* **Your goal**
Every line of the material is to be quoted verbatim, minus the pictures.
** Supplied data follows **
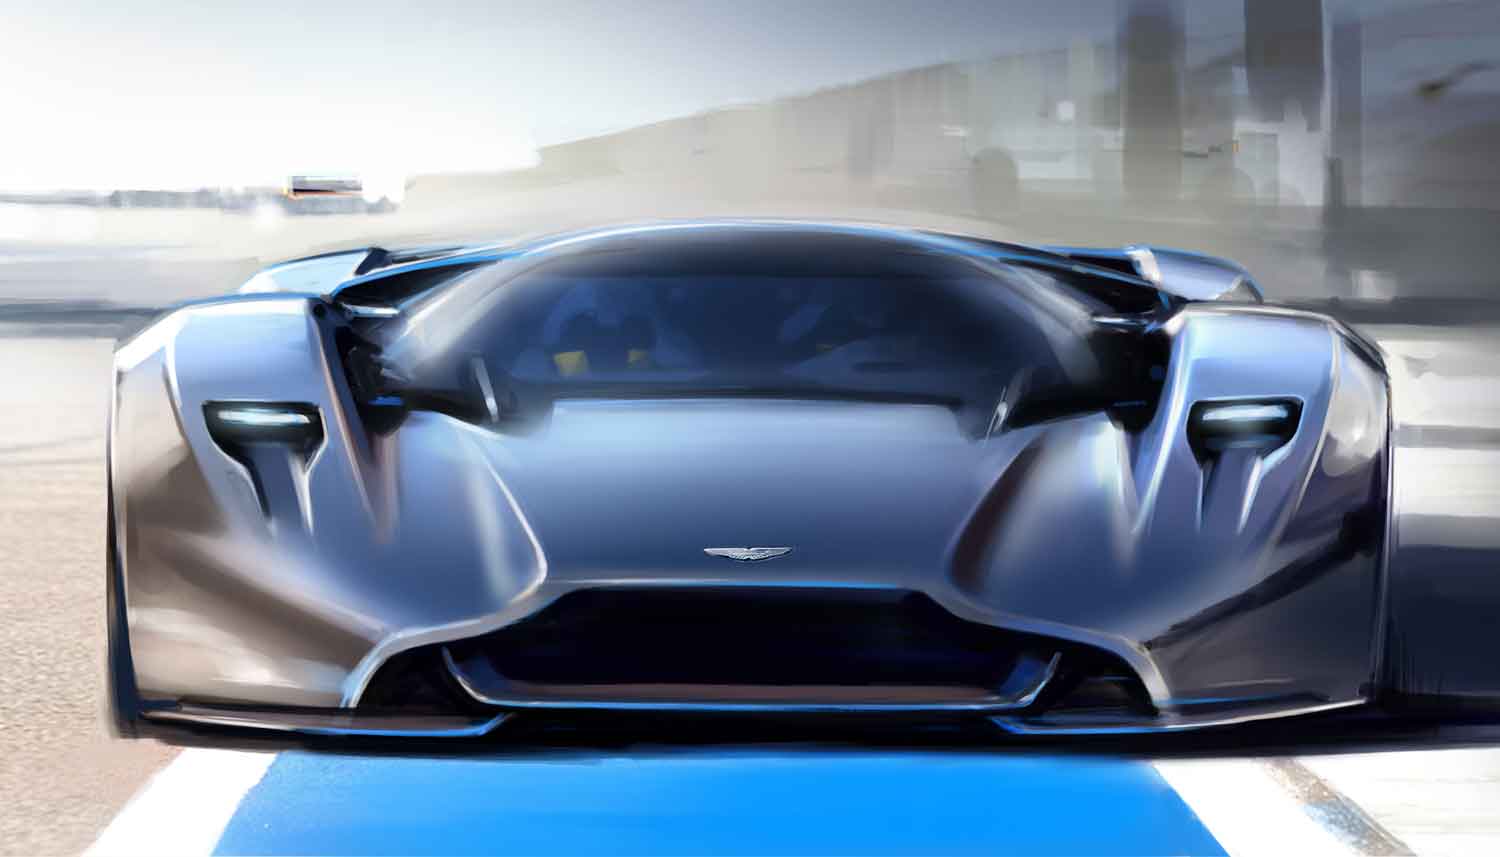 Aston Martin DP-100 HD wallpapers, Desktop wallpaper - most viewed
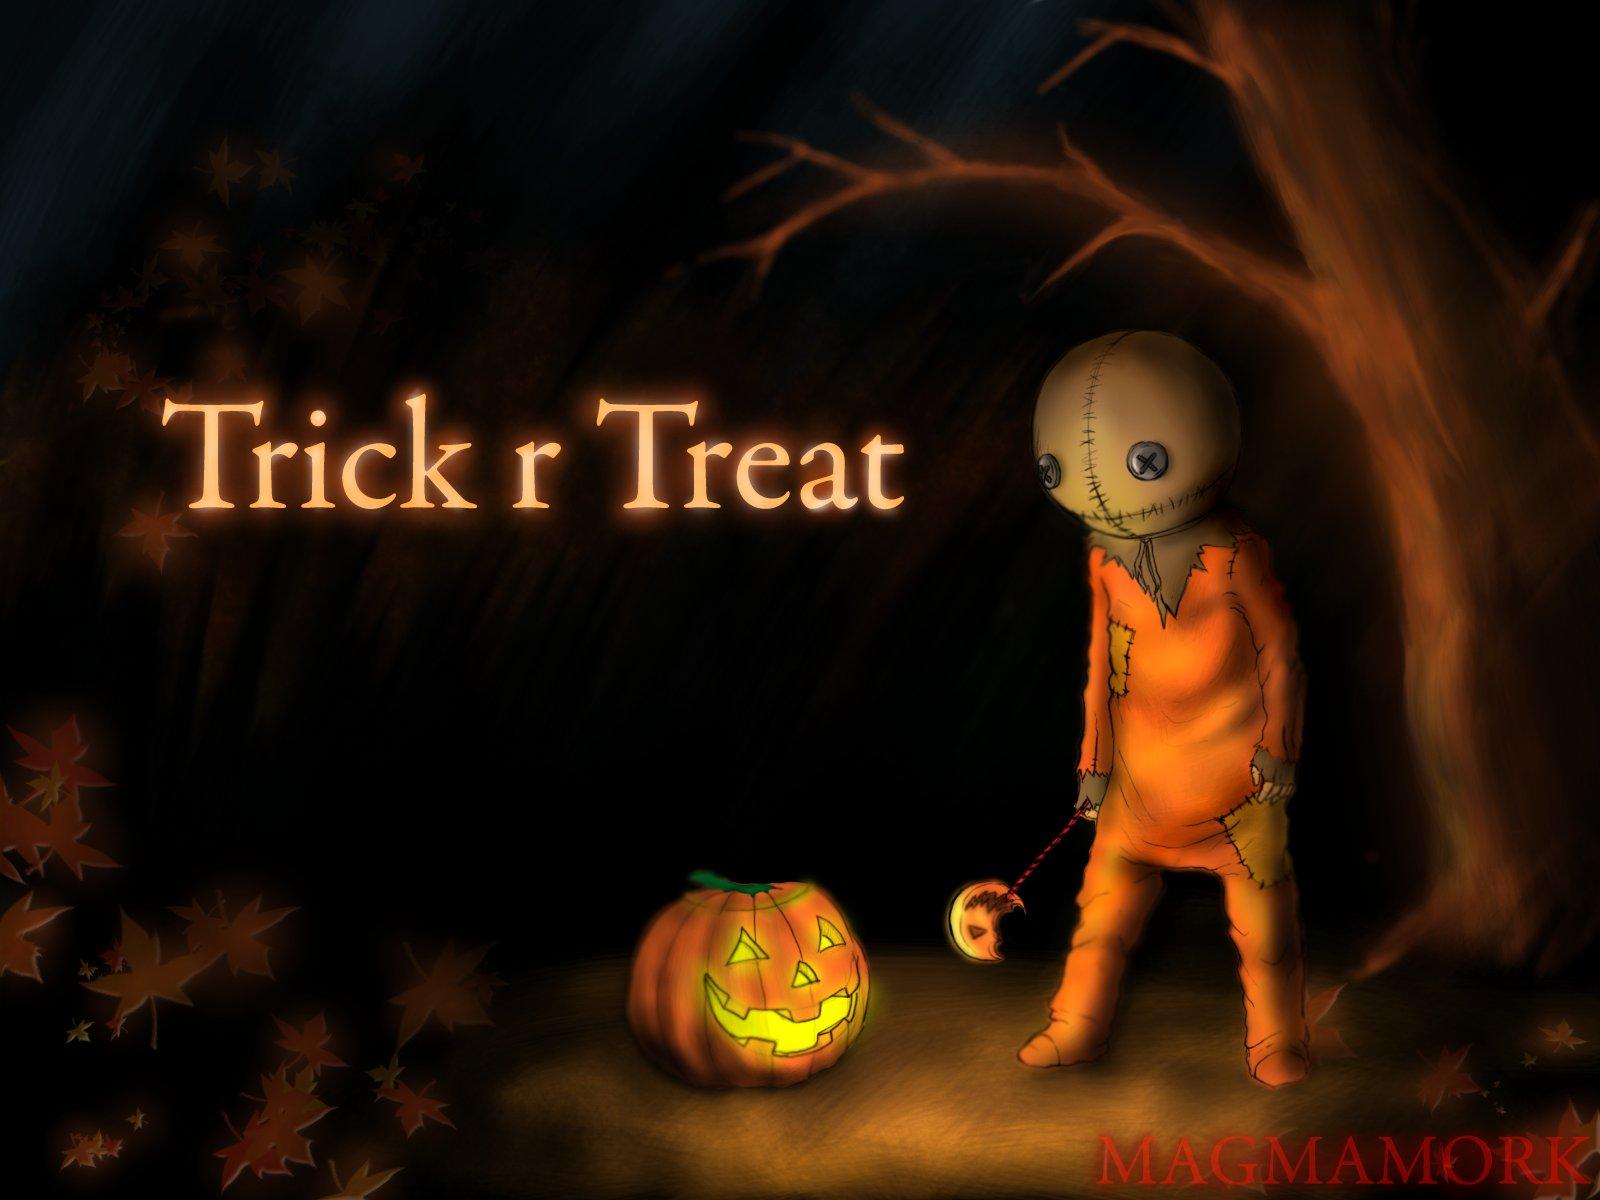 TRICK R TREAT horror thriller dark halloween movie film 2
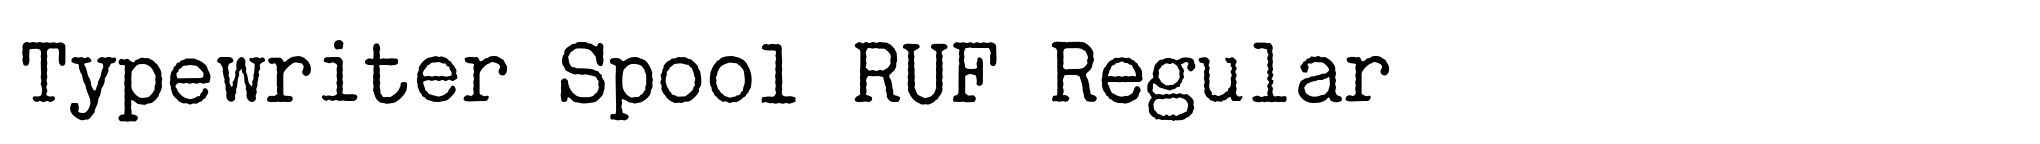 Typewriter Spool RUF Regular image
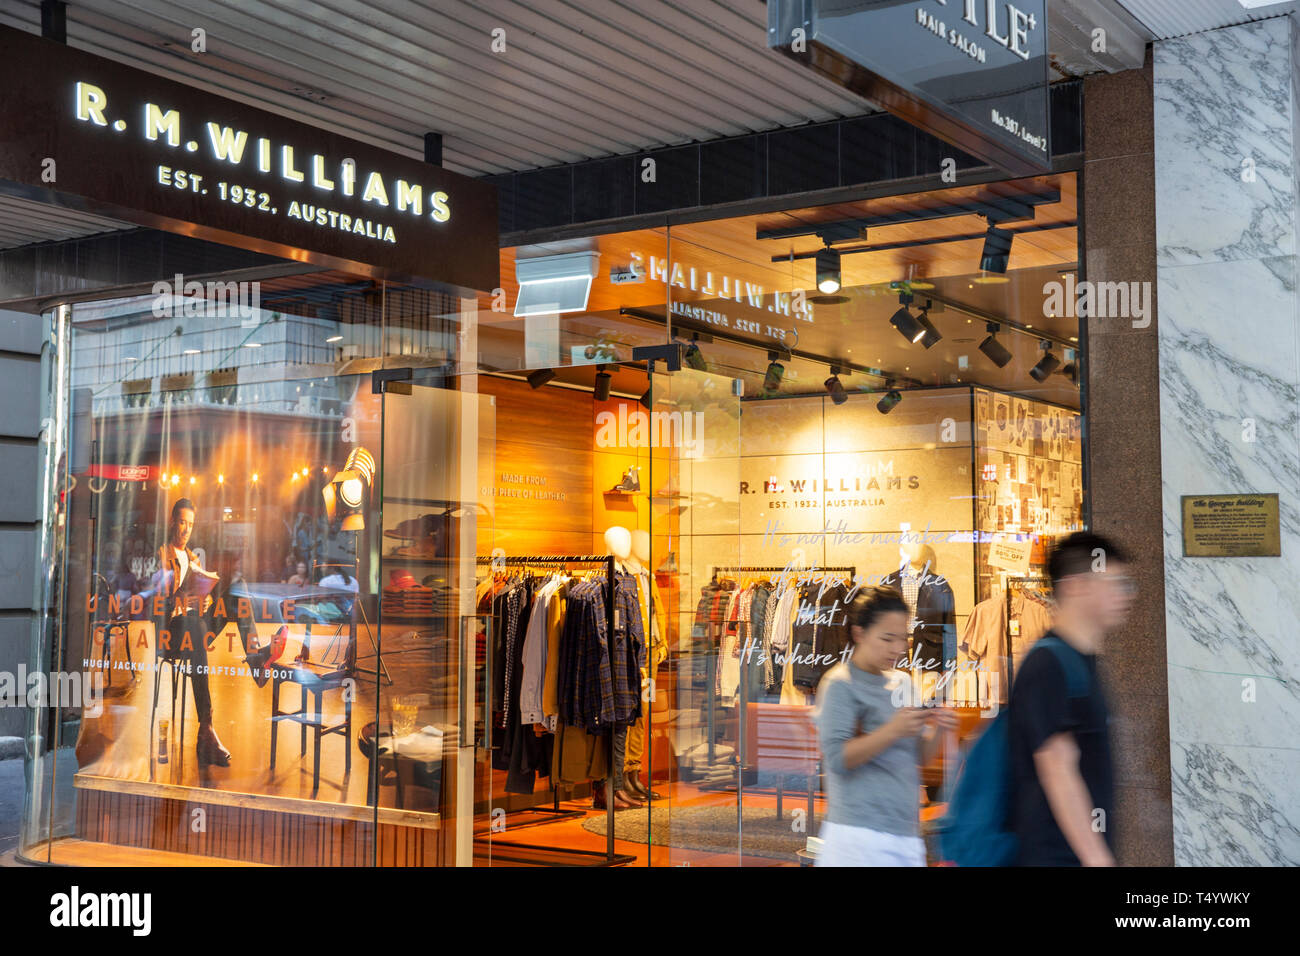 RM Williams Stiefel und Kleidung in Sydney, eine Ikone der australischen Marke vor allem für ihre Stiefel, Sydney, Australien Stockfoto
** End of Supplied data **
* **Response to the task**
 Aston Martin DP-100 HD wallpapers, Desktop wallpaper - most viewed
 TRICK R TREAT horror thriller dark halloween movie film 2
 Typewriter Spool RUF Regular image
 RM Williams Stiefel und Kleidung in Sydney, eine Ikone der australischen Marke vor allem für ihre Stiefel, Sydney, Australien Stockfoto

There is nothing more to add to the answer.